The tension between the two was thick, but Rowena’s thoughts were once again broken when Dolen stepped closer to her. She watched a section of his white hair fall over her shoulder as he leaned his head close to hers.

“Ta’llevny will greet them,” he said softly, obviously not wanting to interrupt the conversation.

Rowena’s eyes widened as she looked backward, watching for a sign that his words were true. It did not take long. Fairy light brightened the trees as another group approached, and she realized that Dolen had been right. Snowsong must have sent him an image of Ta’llevny, surrounded by the glowing fairyfolk as he walked through the trees to the forest’s edge.

Sa’nengal and Tey’ven had given up their verbal argument, but the tension was still prevalent.The group stood quietly, and Lora put her hand to her mouth as she finally saw what the rest of them were seeing.

“You are the chosen emmisary?” Ta’llevny asked, sending the human visitor a kind look.

Lora, for all her obvious nerves, nodded and curtsied as her culture had taught.

“Loralyn Callahan of White Phoenix,” she answered.

“I am Ta’llevny of Tarragon Forest. I hope that we are well met,” he said, moving forward. “Unfortunately, it does not appear that we have much time.

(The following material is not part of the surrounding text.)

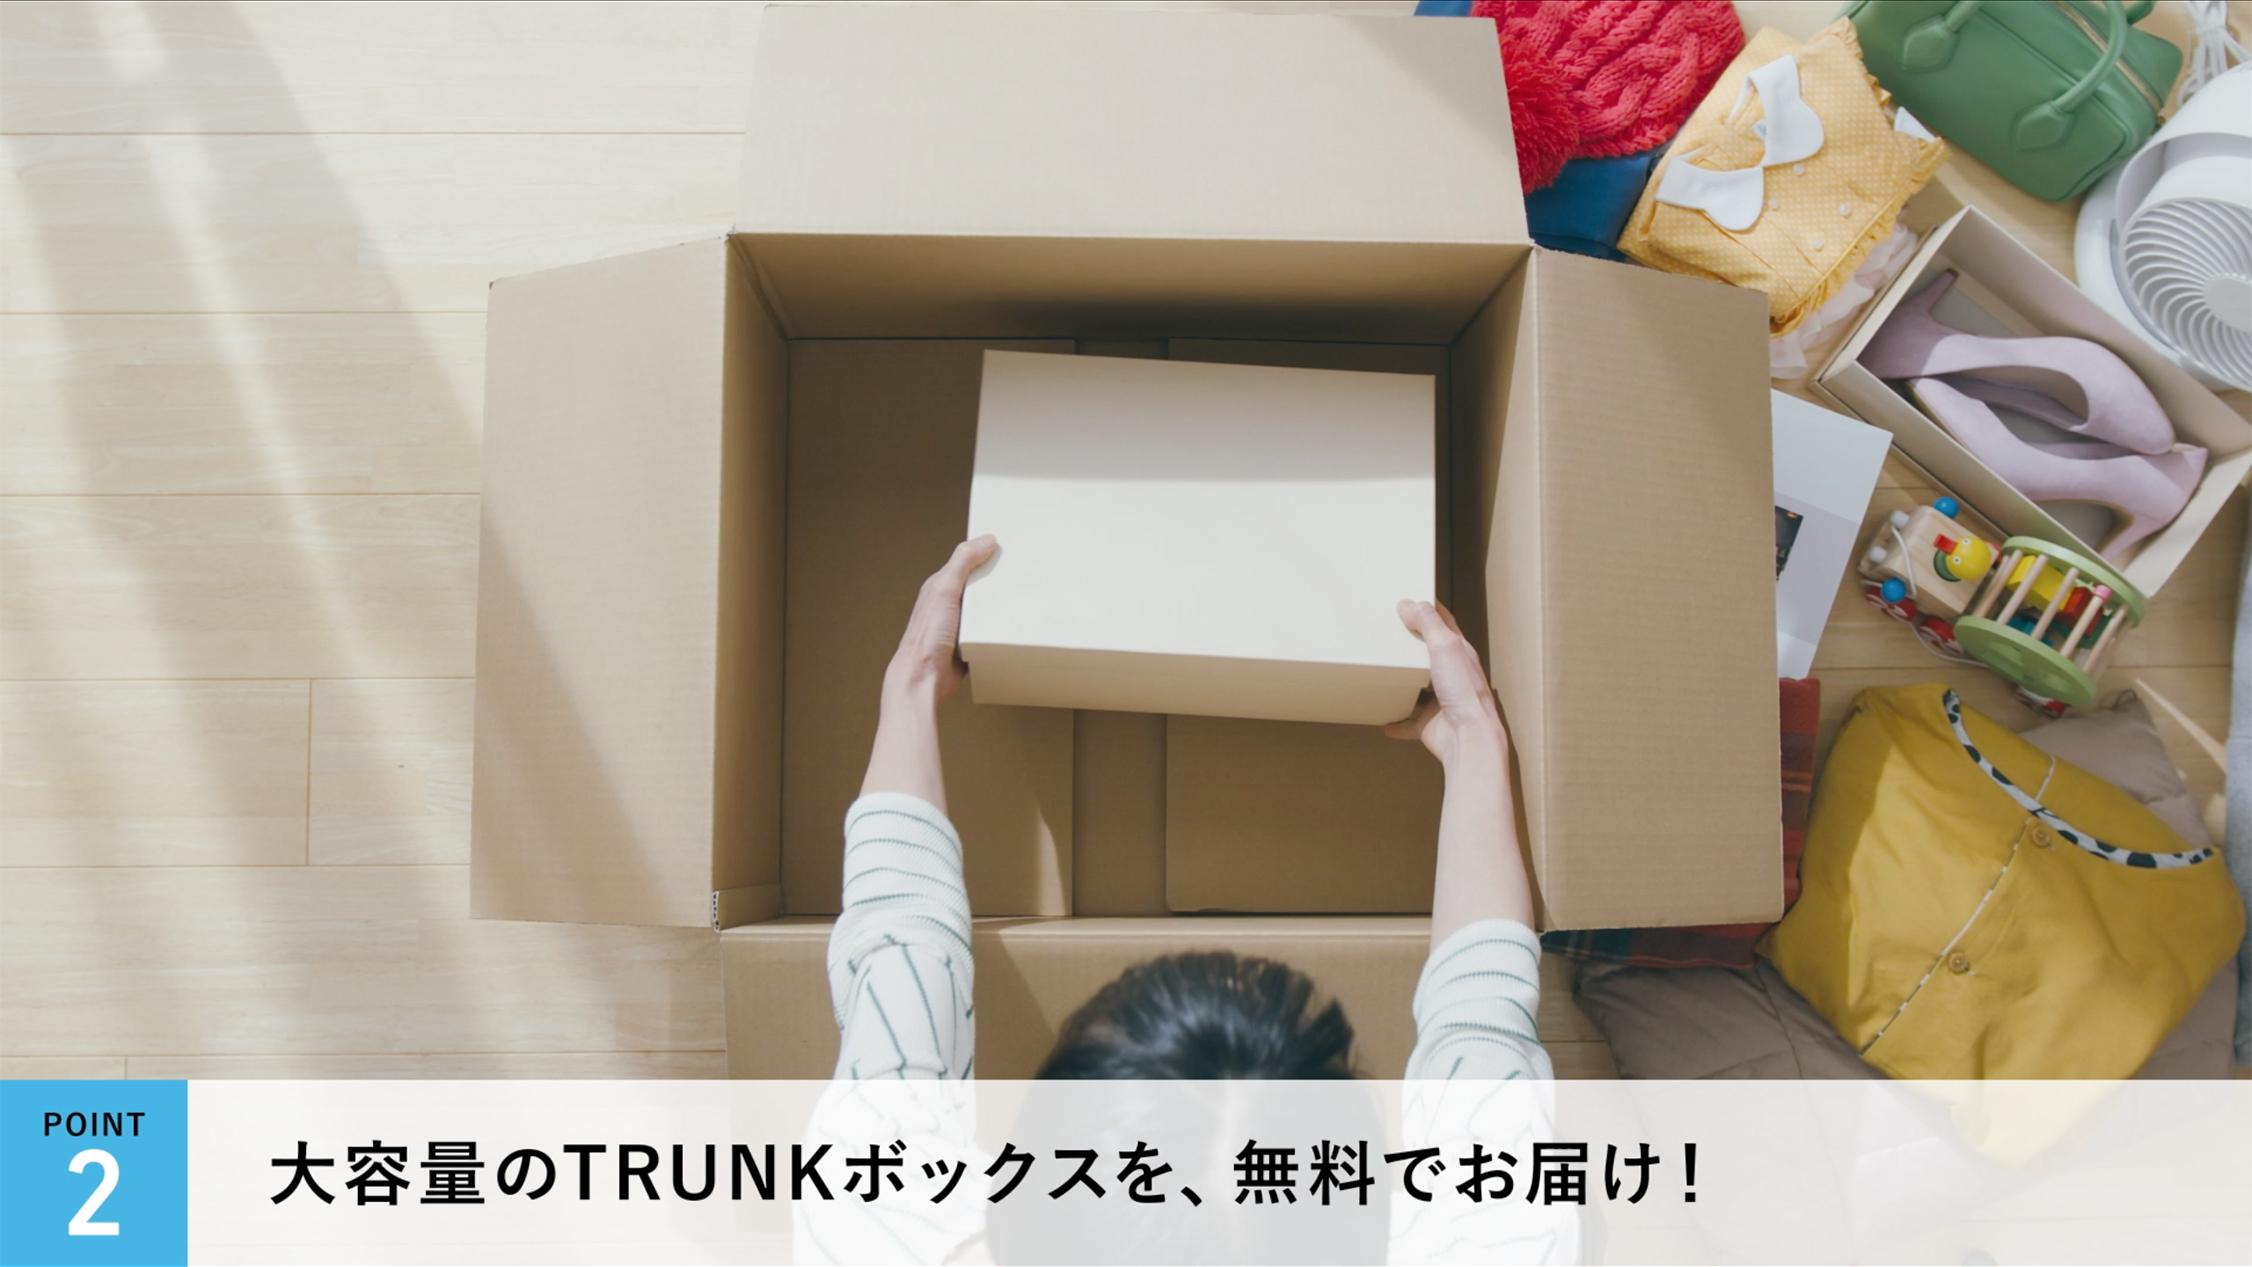 TYME/TRUNK-Image-5

To her credit, Lora did well in simply taking the great leader’s offered arm and moving forward toward the boundary. When Rowena herself had first seen Ta’llevny, she had been struck dumb with surprise by his appearance. One did not often see elves with branches growing intertwined with their hair, and his odd eyes were even more daunting. Still, Lora held herself in perfect manner as they walked.

Tey’ven and Sa’nengal flanked their leader, and two other of the esteemed riders appeared behind them. The fairies surrounded them in a writhing cloud of light and color. Silna stepped up to her side, and she felt Dolen close at her back as they watched the small procession leave. Rowena caught motion in her peripheral view, and noticed that more than just their small group had arrived for the meeting. Various elves were staring wide-eyed from the shadows, inching forward as spooked deer might.

Rowena took in a breath and turned, smiling and offering her hand to Dolen.

“Shall we follow?” she asked, looking between her sister and Dolen.

Silna looked resolved and nodded once, and Dolen did the same, though he hesitated before taking her hand. It was amusing to watch, but he would have to get used to it. After all, they had entered into a formal courtship just a few hours earlier. Rowena twined her fingers carefully with his before turning to move after Ta’llevny.

Flanked by the two she held most dear, Rowena stepped over the Tarragon border and bore witness to an event that would go down in the history books.